Part 3: The case for an ASEAN Development Bank and the expanded role of advanced APAC economies

As the Global South aims to strike a balance between sustainability and development, the topic of whether an ASEAN Development Bank (ADB) is necessary to complement the current regional Multilateral Development Banks (MDBs) comes up. Can developed Asia-Pacific (APAC) economies, such as South Korea and Japan, also take on a larger role in aiding the Global South, both as a strategic extension of their own economic interests and as a moral obligation? This section examines these issues, emphasising how advanced economies and regional solutions can promote sustainable development in the Global South.

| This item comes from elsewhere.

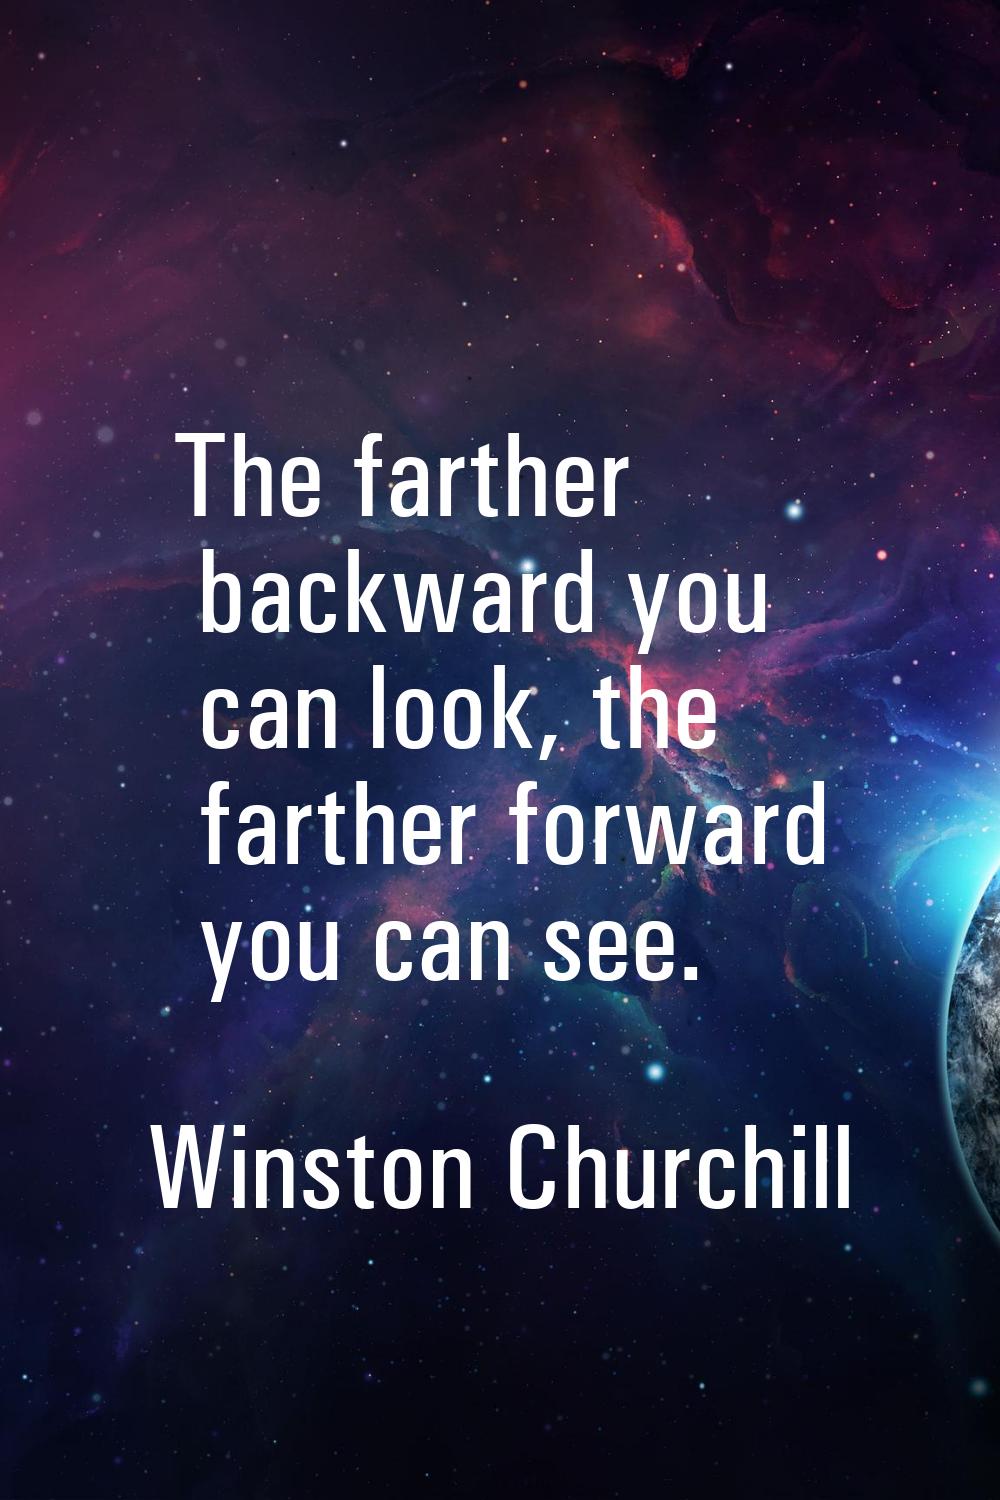 The farther backward you can look, the farther forward you can see.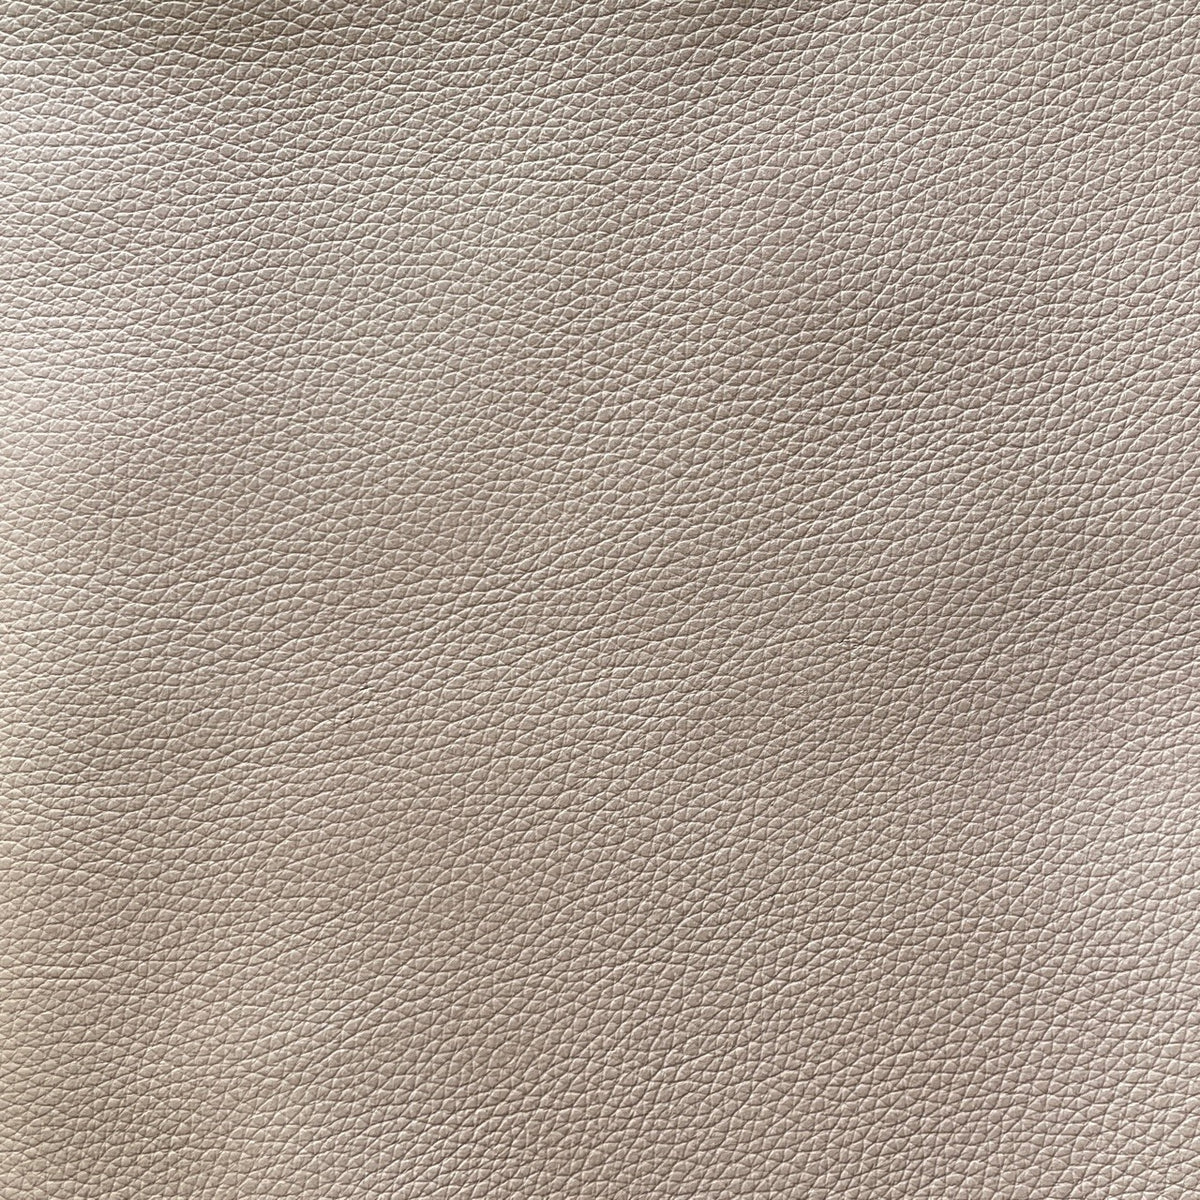 Upholstery Cow Hide #20 | Linen | 1.0/1.2mm | 50 sq.ft | From $420 ea.

The need for an ASEAN Development Bank

With a population of more than 680 million, ASEAN is one of the world's most vibrant economic blocs. However, it has serious infrastructure deficiencies; according to the Asian Development Bank (ADB), the area needs to invest $2.8 trillion in infrastructure between 2016 and 2030 in order to combat poverty, sustain growth, and adapt to climate change. 

An ASEAN-specific development bank could more successfully handle particular regional issues, even though current MDBs like the ADB and AIIB have achieved progress.

An ASEAN Development Bank could:

1. Tailor solutions to regional needs: Cross-border transportation networks, regional energy grids, and transboundary water management are some of the unique issues that ASEAN nations face. A regional bank would be able to create focused solutions because of its contextual knowledge
2. Enhance regional integration: Through funding connectivity-promoting initiatives like the Trans-ASEAN Gas Pipeline or the ASEAN Power Grid, an ADB might hasten resilience and economic integration
3. Leverage local expertise: An organisation with an ASEAN concentration could more effectively utilise local networks and expertise, guaranteeing that projects are both economically and culturally suitable
4. Mobilize regional capital: There are substantial savings pools and quickly expanding economies in ASEAN. By using these resources, an ADB could lessen its dependency on global or Western MDBs

The potential of regional banks like the Islamic Development Bank (IsDB) and the Development Bank of Latin America (CAF) is demonstrated by their success. For instance, with an emphasis on regional needs like digital connectivity and renewable energy, CAF has funded more than $200 billion in infrastructure projects throughout Latin America. In a similar vein, an ASEAN Development Bank might emerge as a key component of the sustainable growth of the area.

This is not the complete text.